When the ICE instruction is executed, it raises the EXCEPTION_SINGLE_STEP (0x80000004) exception.
However, if the program is already being traced, the debugger treats this exception as a normal exception generated by executing an instruction with the SingleStep bit set in the Flags register. As a result, under a debugger, the exception handler will not be called, and execution will continue after the ICE instruction.
BOOL IsDebugged() {
__try
{
__asm __emit 0xF1;
return true;
}
__except(EXCEPTION_EXECUTE_HANDLER)
{
return false;
}
}
Stack Segment Register
This technique can be used to detect if a program is being traced. It involves single-stepping through the following sequence of assembly instructions:
push ss
pop ss
pushf
After single-stepping through this code in a debugger, the Trap Flag will be set. Typically, this is not visible because debuggers clear the Trap Flag after each debugger event. However, by previously saving the EFLAGS register to the stack, we can check whether the Trap Flag is set.
BOOL IsDebugged() {
BOOL bTraced = false;
__asm
{
push ss
pop ss
pushf
test byte ptr [esp+1], 1
jz movss_not_being_debugged
}
bTraced = true;
movss_not_being_debugged:
// restore stack
__asm popf;
return bTraced;
}
POPF and Trap Flag
The Trap Flag in the Flags register, when set, raises the SINGLE_STEP exception. However, if the code is being traced, the debugger will clear the Trap Flag, preventing the exception from being raised.
BOOL IsDebugged() {
__try
{
__asm
{
pushfd
mov dword ptr [esp], 0x100
popfd
nop
}
return true;
}
__except(GetExceptionCode() == EXCEPTION_SINGLE_STEP
? EXCEPTION_EXECUTE_HANDLER
: EXCEPTION_CONTINUE_EXECUTION)
{
return false;
}
}
Instruction Prefixes
This technique works in certain debuggers by exploiting how they handle instruction prefixes.
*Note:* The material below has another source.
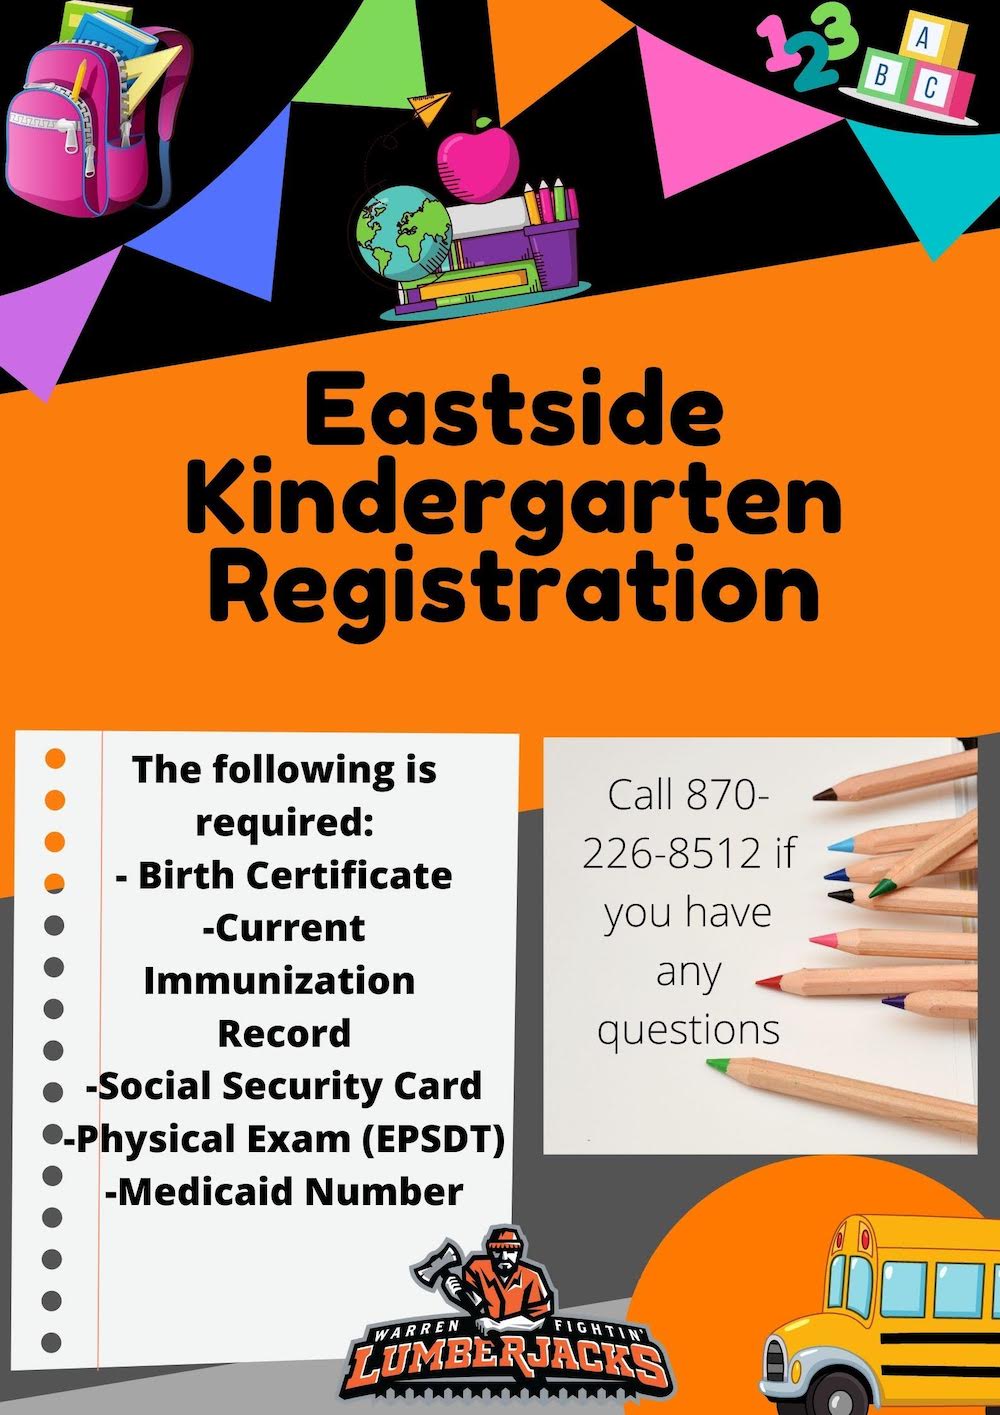 Eastside Kindergarten Registration

When the following code is executed in OllyDbg, stepping to the first byte F3 will immediately jump to the end of the try block. The debugger skips the prefix and transfers control to the INT1 instruction.
However, running the same code without a debugger will raise an exception, directing execution to the except block.
BOOL IsDebugged()
{
__try
{
// 0xF3 0x64 disassembles as PREFIX REP:
__asm __emit 0xF3
__asm __emit 0x64
// One byte INT 1
__asm __emit 0xF1
return true;
}
__except(EXCEPTION_EXECUTE_HANDLER)
{
return false;
}
}
Mitigations
During debugging: The best way to mitigate all the following checks is to patch them with NOP instructions.
Anti-tracing techniques: instead of patching the code, simply set a breakpoint in the code which follows the check and run the program till this breakpoint.
For anti-anti-debug tool development: No mitigation.